-- Task --
Each and every line below goes into your answer unchanged, but leave out the images.

-- Recorded data --
[Start of Attachment]

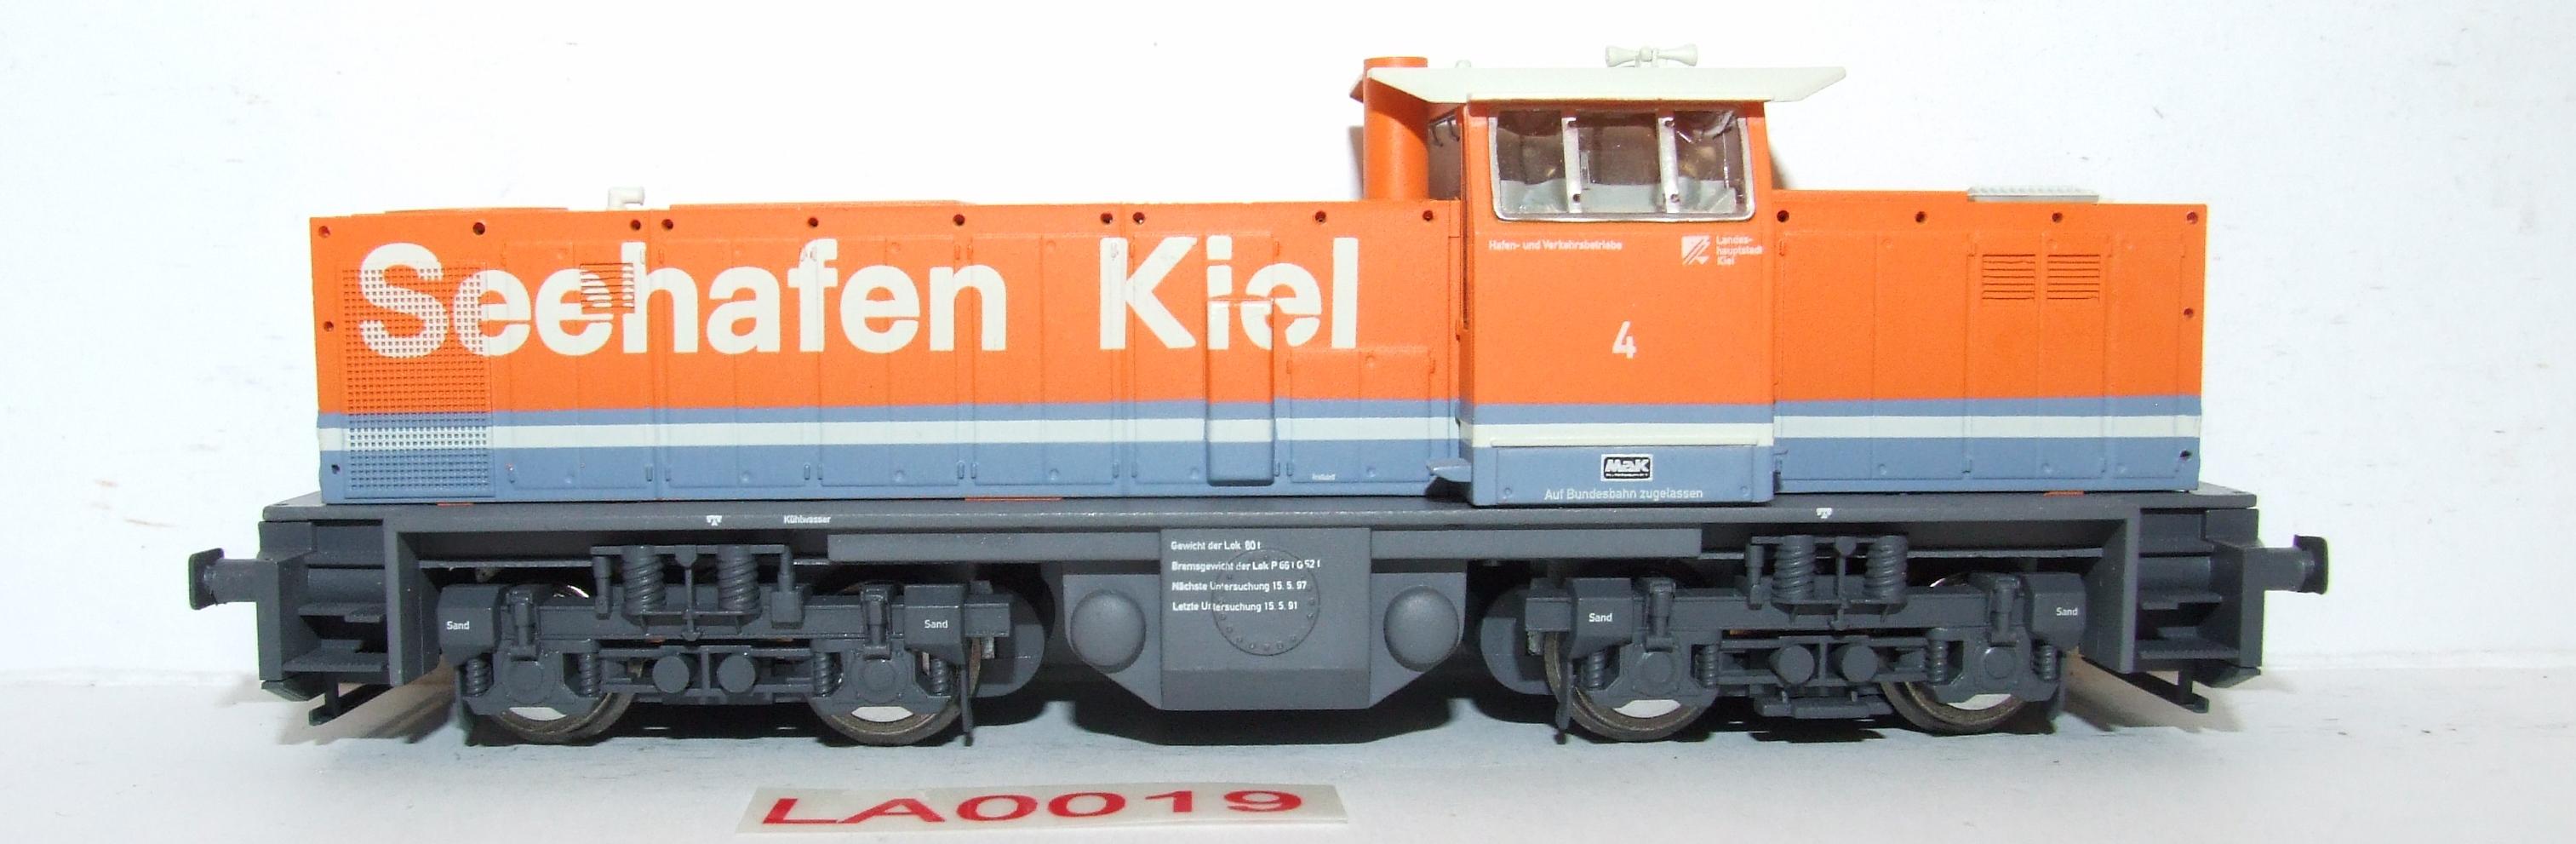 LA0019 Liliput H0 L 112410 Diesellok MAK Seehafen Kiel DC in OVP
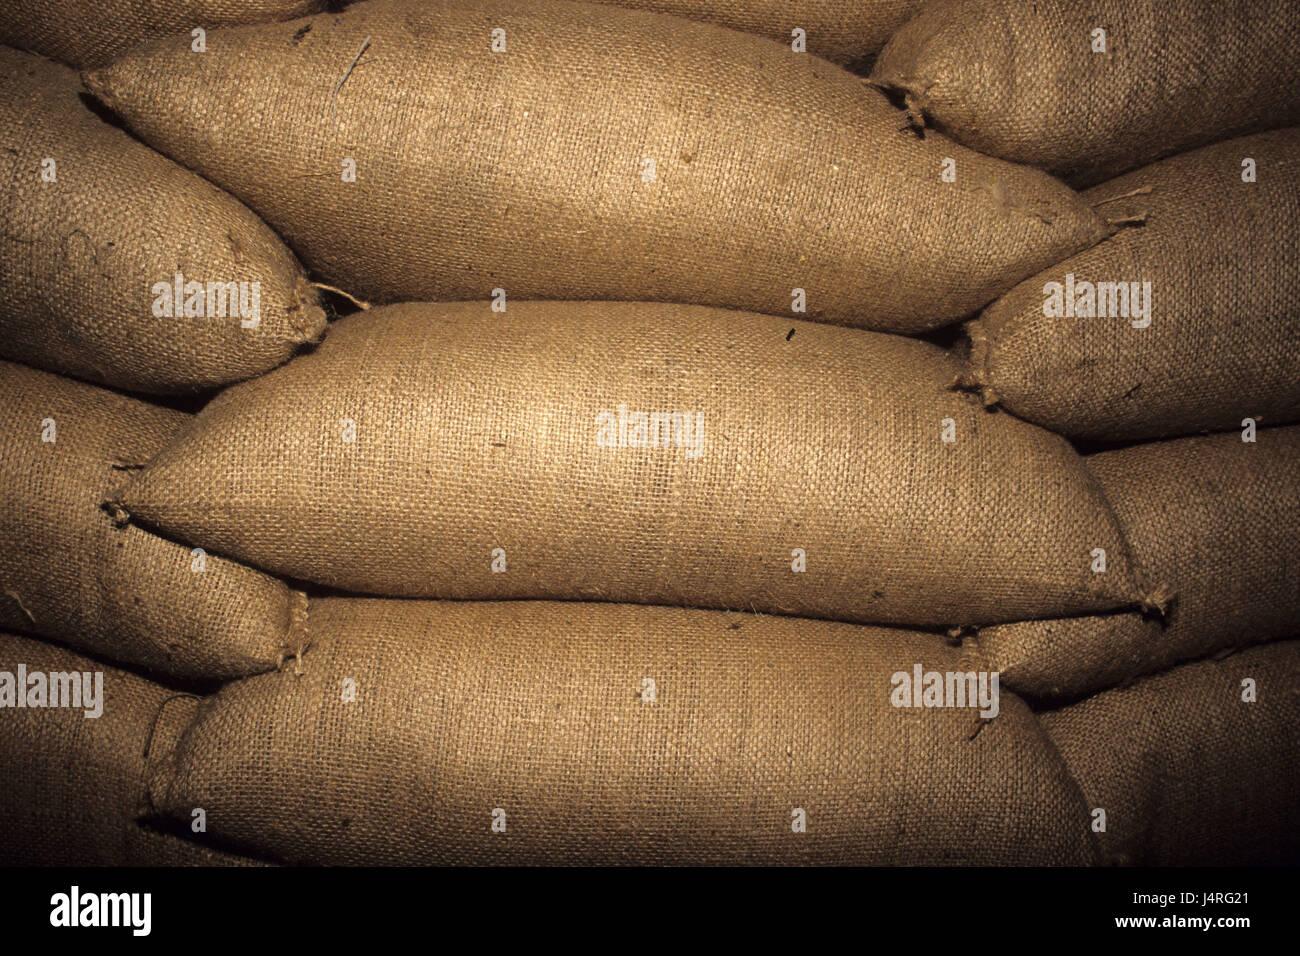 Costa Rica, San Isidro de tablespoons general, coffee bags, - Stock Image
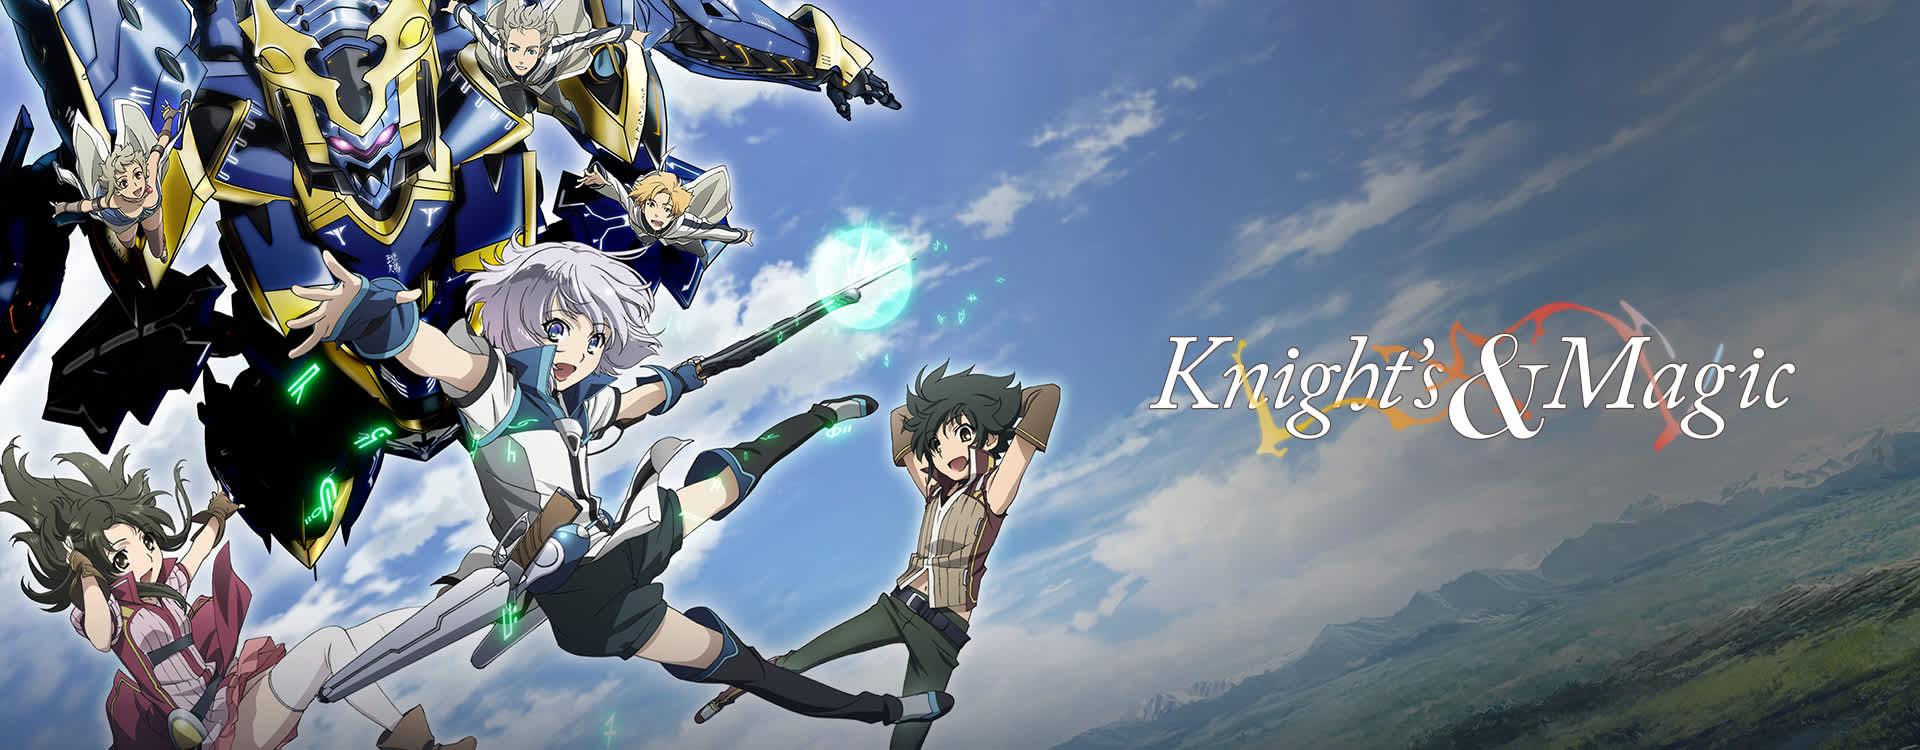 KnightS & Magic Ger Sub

[End of Attachment]

-- Task solution --
 LA0019 Liliput H0 L 112410 Diesellok MAK Seehafen Kiel DC in OVP
 Costa Rica, San Isidro de tablespoons general, coffee bags, - Stock Image
 KnightS & Magic Ger Sub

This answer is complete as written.